**INSTRUCTIONS TO FOLLOW:**
How do the lines below between the ones holding "Oscar Logo Png" and "Retraite in de", inclusive, read? Give them again exactly, with no other lines.

**INFORMATION PROVIDED:**
++++++++++

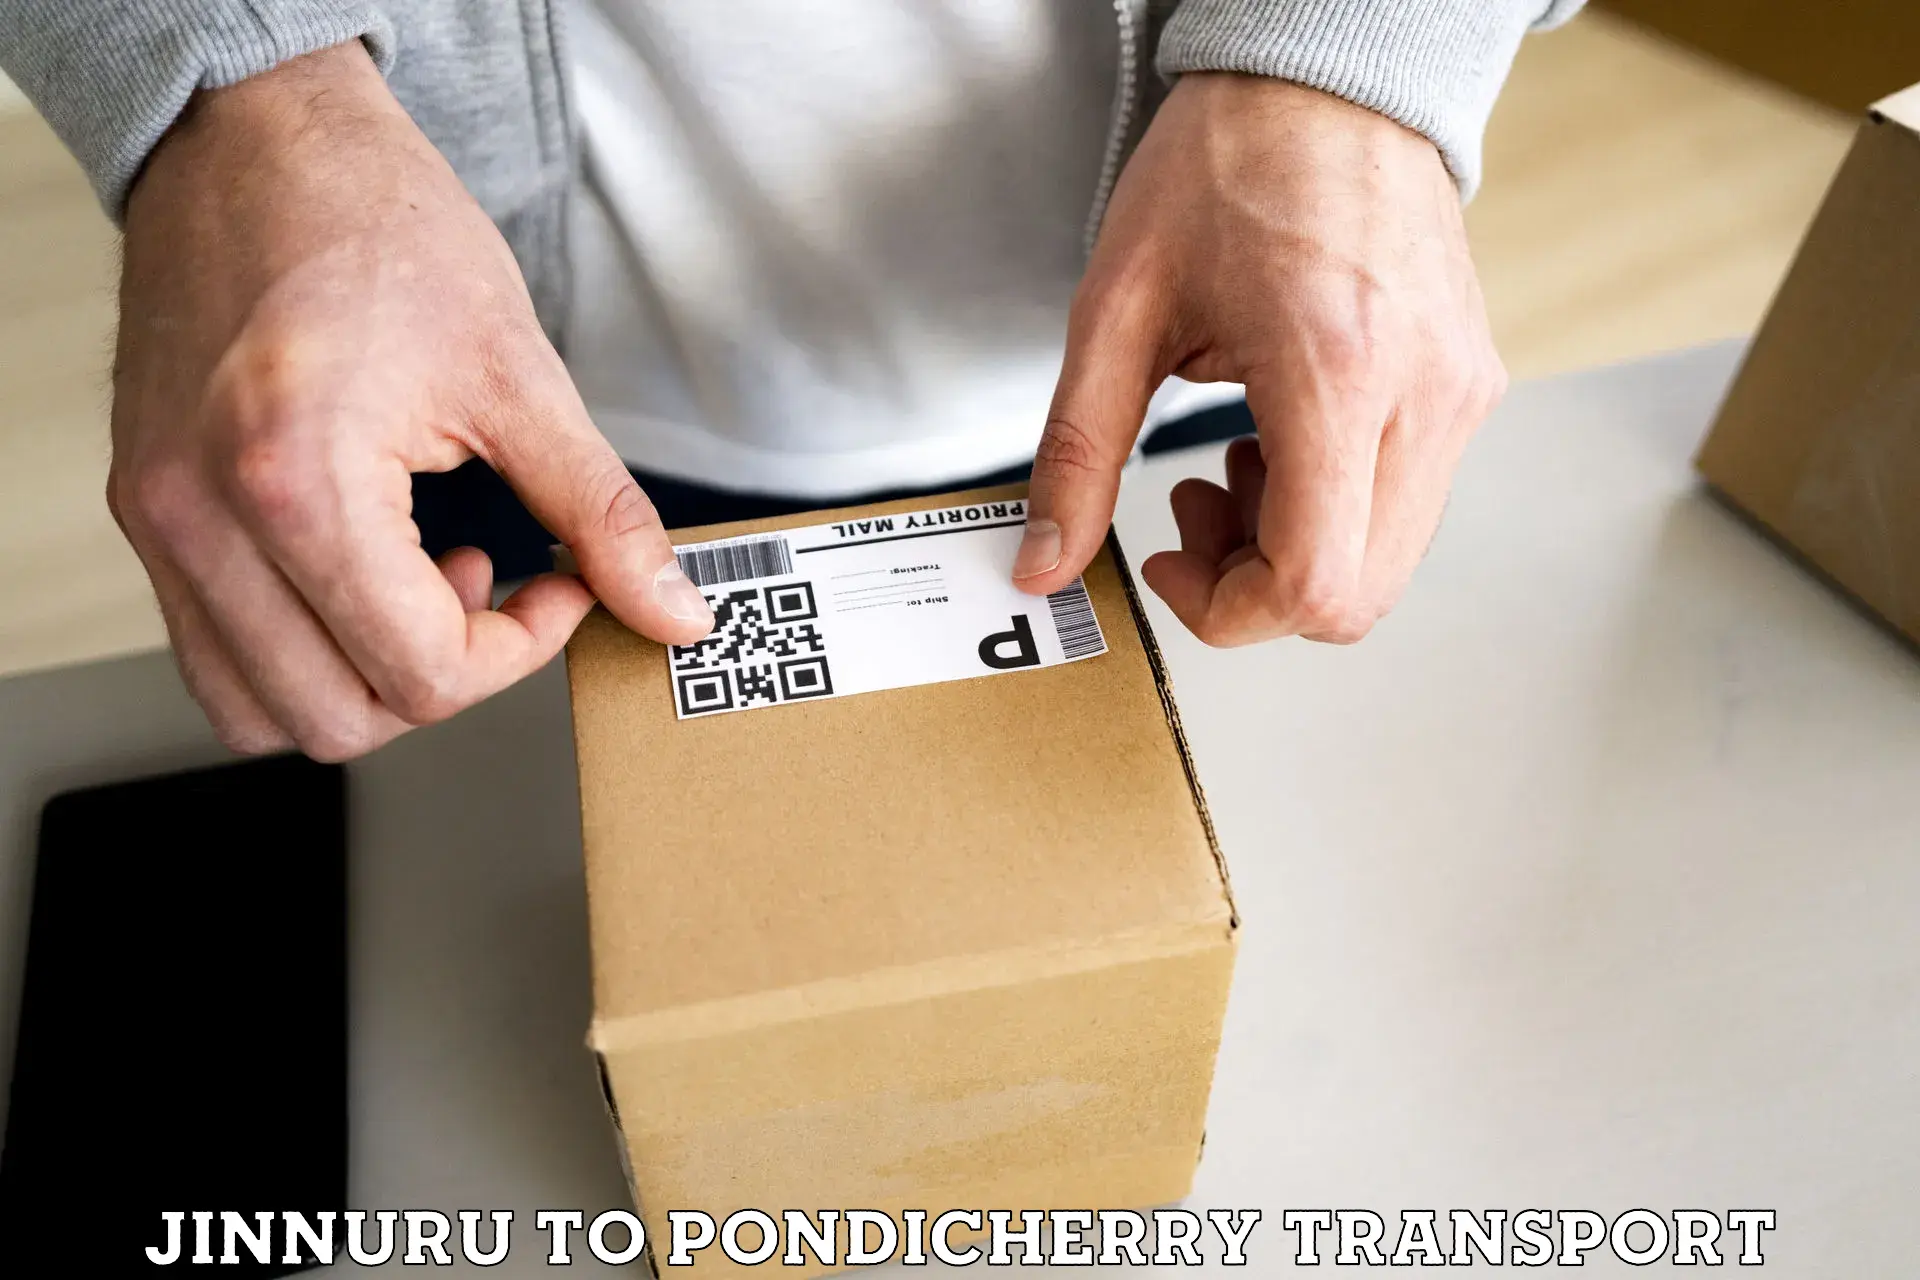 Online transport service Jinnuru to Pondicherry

++++++++++

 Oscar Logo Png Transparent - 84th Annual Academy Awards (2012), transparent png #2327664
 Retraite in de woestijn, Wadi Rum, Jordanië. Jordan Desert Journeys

++++++++++

**OUTPUT BELOW:**
 Oscar Logo Png Transparent - 84th Annual Academy Awards (2012), transparent png #2327664
 Retraite in de woestijn, Wadi Rum, Jordanië. Jordan Desert Journeys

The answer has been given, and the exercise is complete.